ARK, as an example, made noise by being the first to include any kind of bitcoin exposure by buying GBTC.
3:31
While im not a fan of GBTC (sort of a fake-ETF-alike that's just a company under the hood), it was (being cynical) good press for a while!
I know they didn't buy it for that reason at all -- I've talked to the PM about it.  But it had that side benefit.
Deirdre
3:31
Is it ironic that Vanguard may soon be the top ETF flows recipient since Bogle was so against ETFs?
Dave Nadig
3:32
I think Bogle's dislike of ETFs has been slightly exaggerated by the press, honestly.
He was concerned not that there was any inherent flaw in ETFs, just that they were a very sharp tool to be handing investors, who could use them to get into trouble.
That is, to say the least, very "on brand" for Bogle.  His whole career was about concern for the little guy investor.
3:33
But he spoke regularly at ETF.com events, and graced the pages of our magazine many many times.  He was always willing to engage in the discussion.
Bob
3:33
Saw the news about Schwab launching a monthly-subscription based financial planning service.  Thoughts?
Dave Nadig
3:33
I LOVE this move by them.
3:34
Rick Ferri had a tweet where he called the idea of a 1% advice fee the last bastion of "gluttony" in financial services, and I have to agree.
I don't think paying $40 a month or whatever is the right move for everyone.  THere are some folks who may be better off with a different fee structure.
but I absolutely love the idea of paying directly for advice, instead of going through an AUM based fee.
3:35
if I have 2M in assets and you have 1M in assets, am I really getting twice the "advice" you are?  Do I take up twice as much mental real estate with my advisor?
it's just sort of the wrong scale.
I think ultimately, paying directly -- whether its retainers or hourly or subscription based -- makes so much more sense for the actual investor.
3:36
Its a bit of a mental shift though.  A lot of investors don't think about what they pay explicitly when the fee is baked into assets.
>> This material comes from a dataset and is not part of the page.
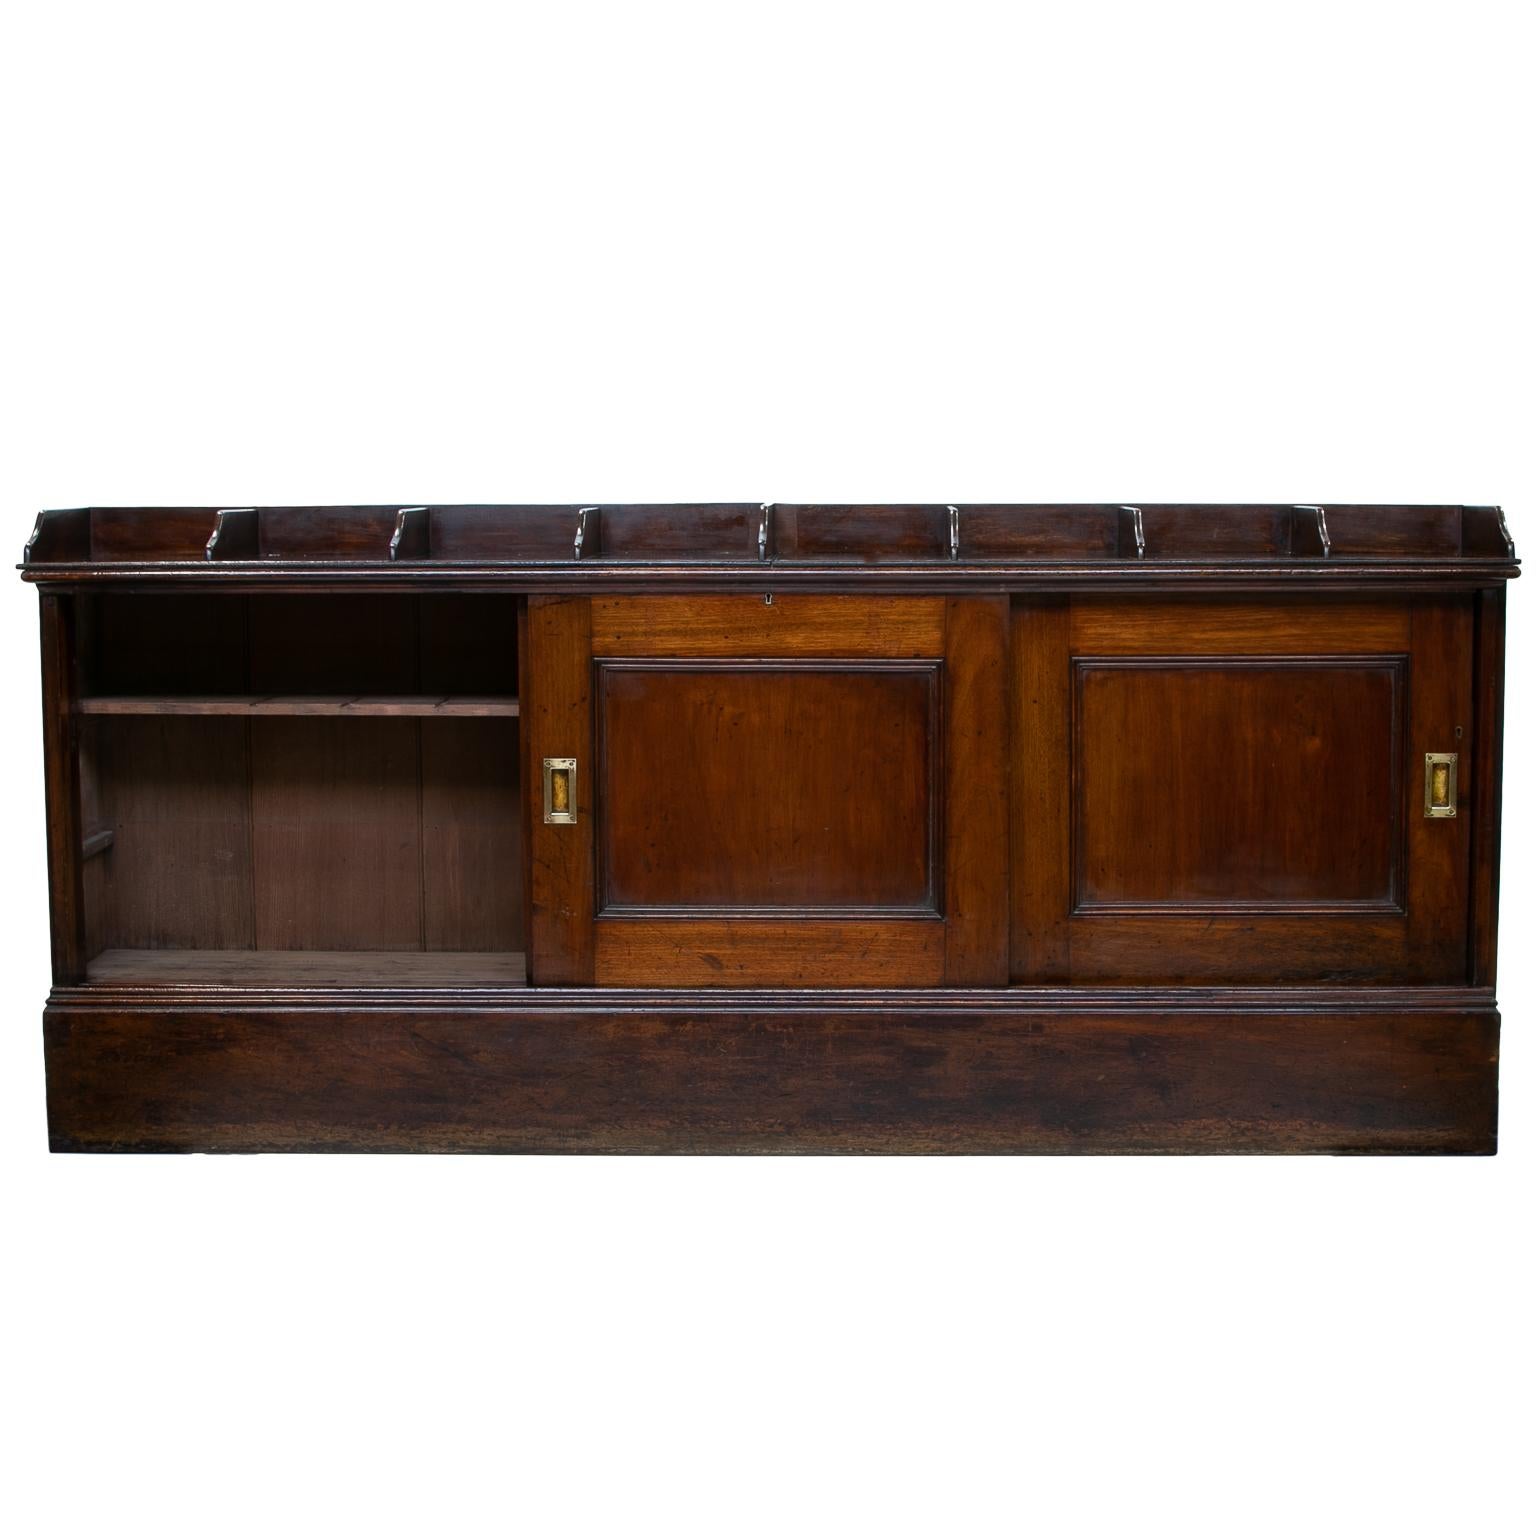 English office cabinet or shops cabinet
A fantastic Edwardian era office cabinet or called shops cabinets. The top divided into eight sections. Filing or shirts. Great cabinet for a clothing store. Below are the sliding doors revealing a cupboard

But I suspect most of them would pay less if they actually paid by the hour.
Gregg F.
3:36
Would abolishing the ACA affect health care ETFs?
Dave Nadig
3:36
Oooh boy, that's a big hair question.
3:37
The conventional wisdom is that deregulating the insurance industry (which is the most immediate corporate impact of an ACA dissolution) would be good for their bottom lines.  So I guess "yay BCBS?"
3:38
But the amount of chaos implied in such an outcome is difficult to even wrap my head around.  There are SO many unknowns.  If millions and millions of folks now don't have insurance because, say, all Medicare expansion goes away, that likely has profound economic impacts
on everything from consumer spending to drug company profits.
So I don't personally feel like this is a think you can "play" with a an ETF.  It's just frankly too big, and too much of an octopus.
3:39
Its an ENORMOUSLY large part of the overall economy to just toss into a bin and shake around to see what happens.
BlockchainNewbie
3:39
Why did CEDEX procure physical diamonds in planning to launch its diamond ETF? Is this usual practice for launching (“commodity”) ETFs?
Dave Nadig
3:40
So a lot going on under this question
3:41
My understanding is that they basically bought up an inventory in order for people to trade against that inventory in shared lots on their blockchain based exchange.
I don't THINK (and honestly, its been hard to follow) these are specifically to seed 50mm in an ETF.
3:42
BUT, if they follow the model of something like GLD/IAU/BAR -- they do need a facility to move diamonds in and out of the ETF, and there's not really the equivalent of the London gold buillion market, with it's established vaulting system.